▶ What the task asks
Write back every line of the listing exactly, excluding images.
Supplied data: Begin
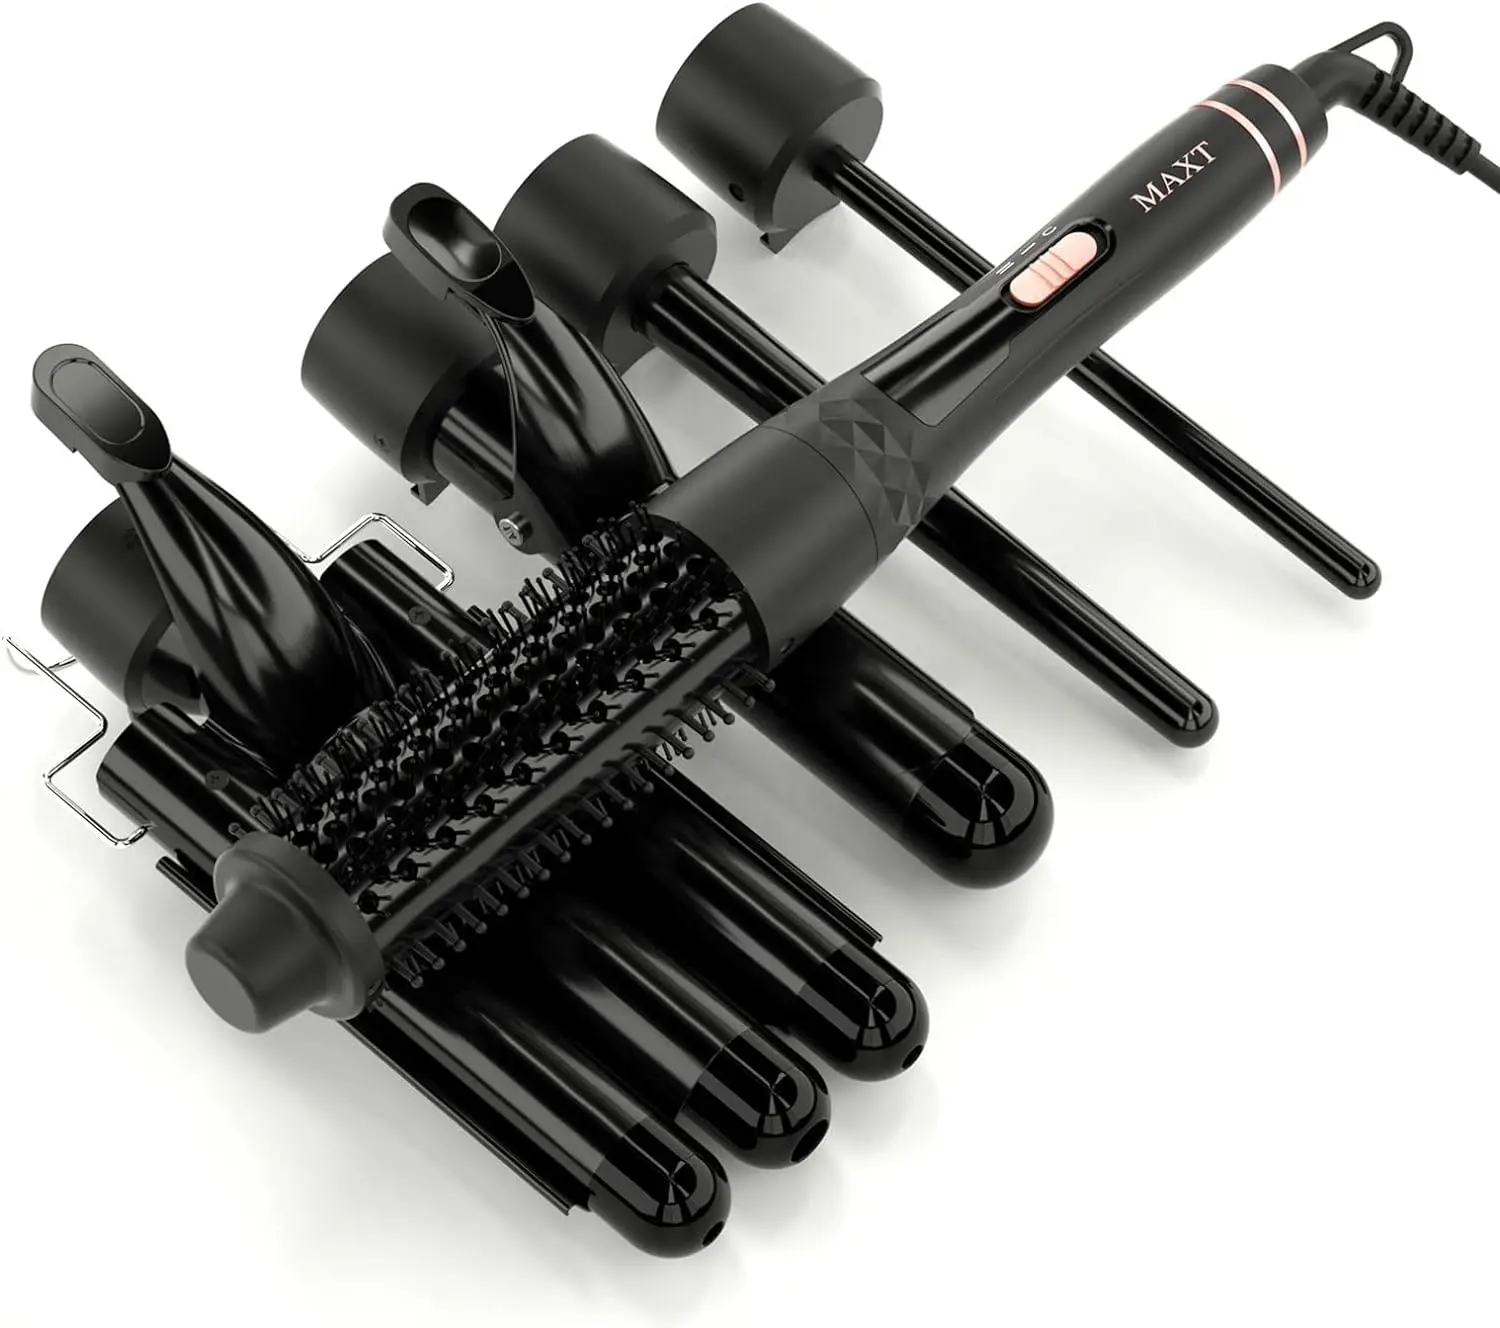 Professional 5 in 1 Hair Waver Curling Set 30s Heat-up Ceramic Iron with 2 Temps and 5 Barrels
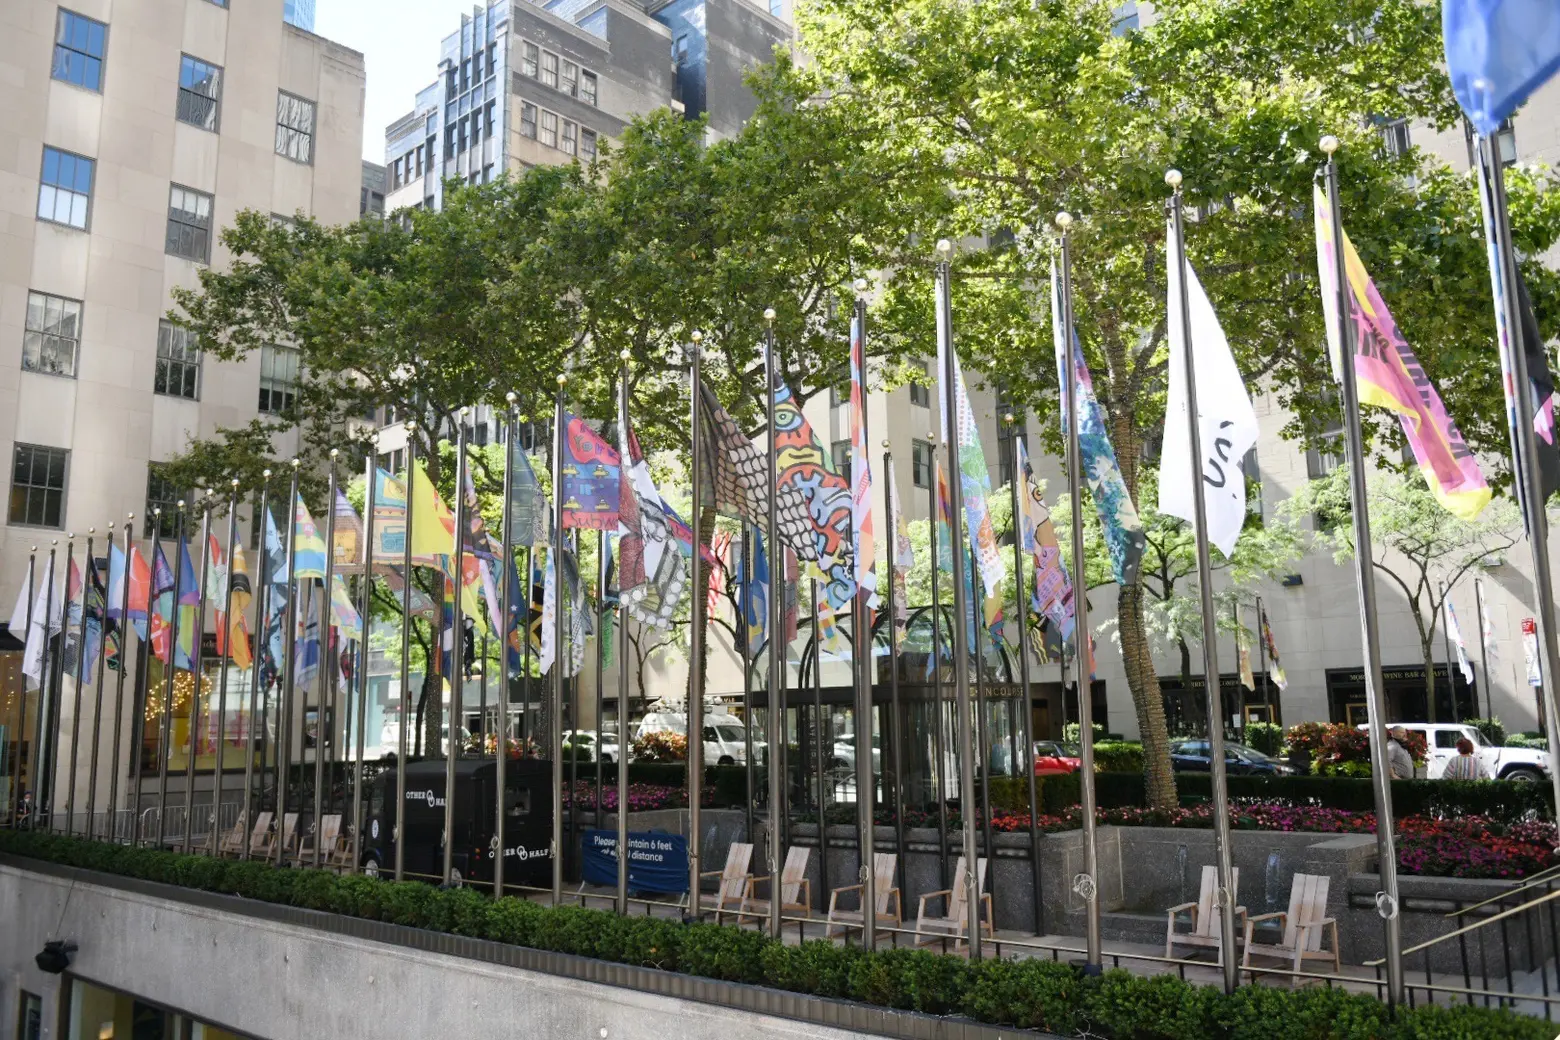 See the 193 new Rockefeller Center flags designed by the public
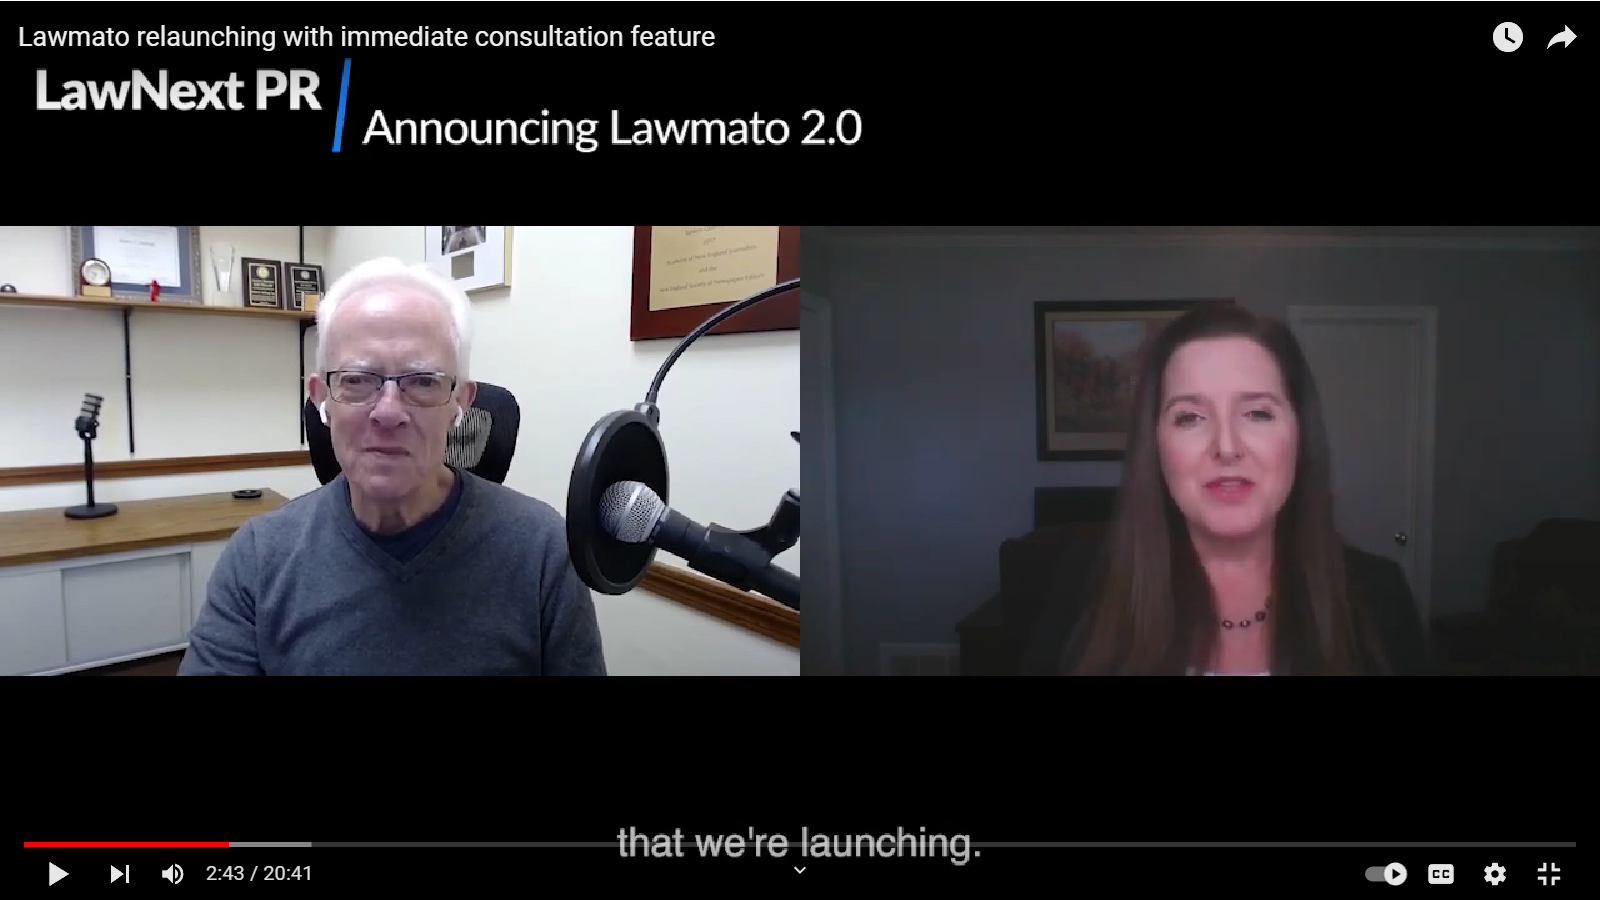 On the LawNext PR Podcast: Legal Tech Startup Lawmato Relaunches with Immediate Consultation Feature
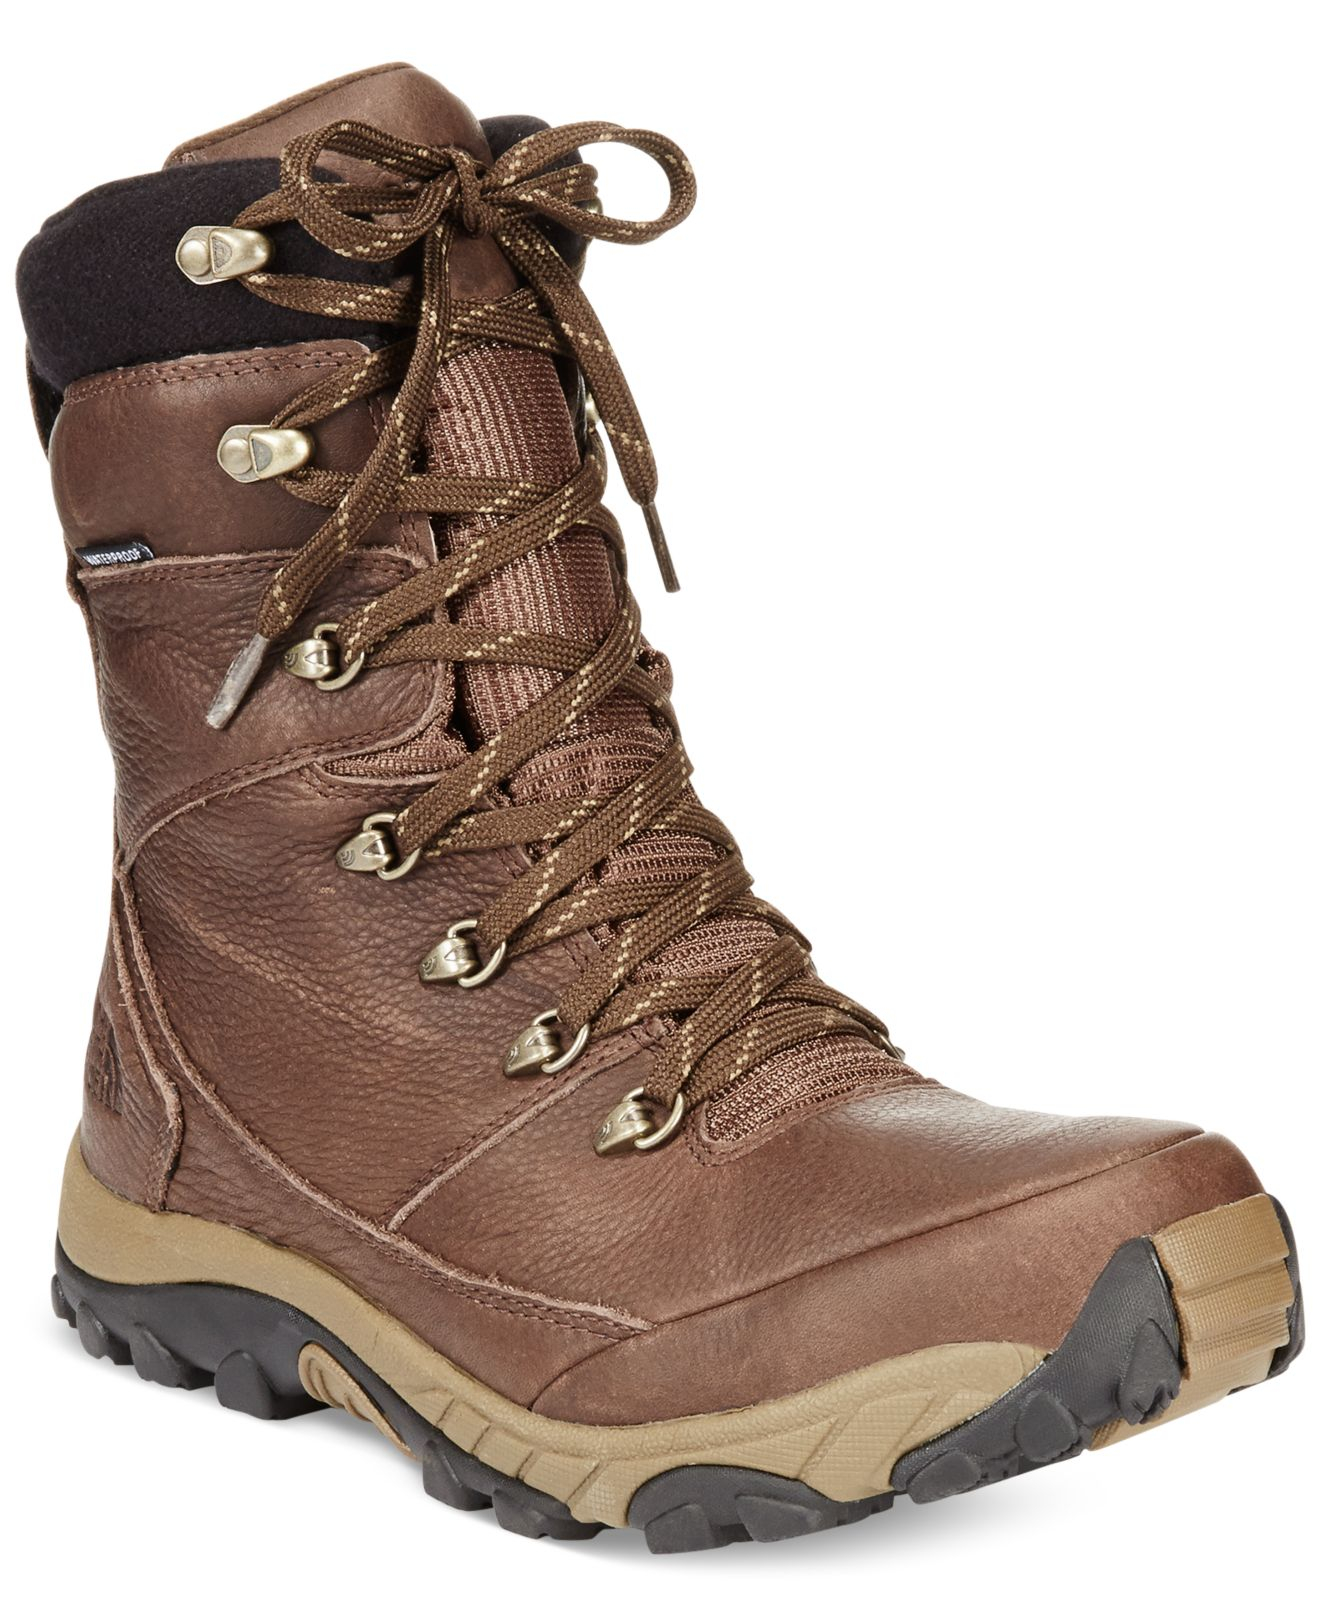 The North Face Chilkat Leather Insulated Tall Boots in Brown for Men - Lyst
Supplied data: End
▶ Your response
 Professional 5 in 1 Hair Waver Curling Set 30s Heat-up Ceramic Iron with 2 Temps and 5 Barrels
 See the 193 new Rockefeller Center flags designed by the public
 On the LawNext PR Podcast: Legal Tech Startup Lawmato Relaunches with Immediate Consultation Feature
 The North Face Chilkat Leather Insulated Tall Boots in Brown for Men - Lyst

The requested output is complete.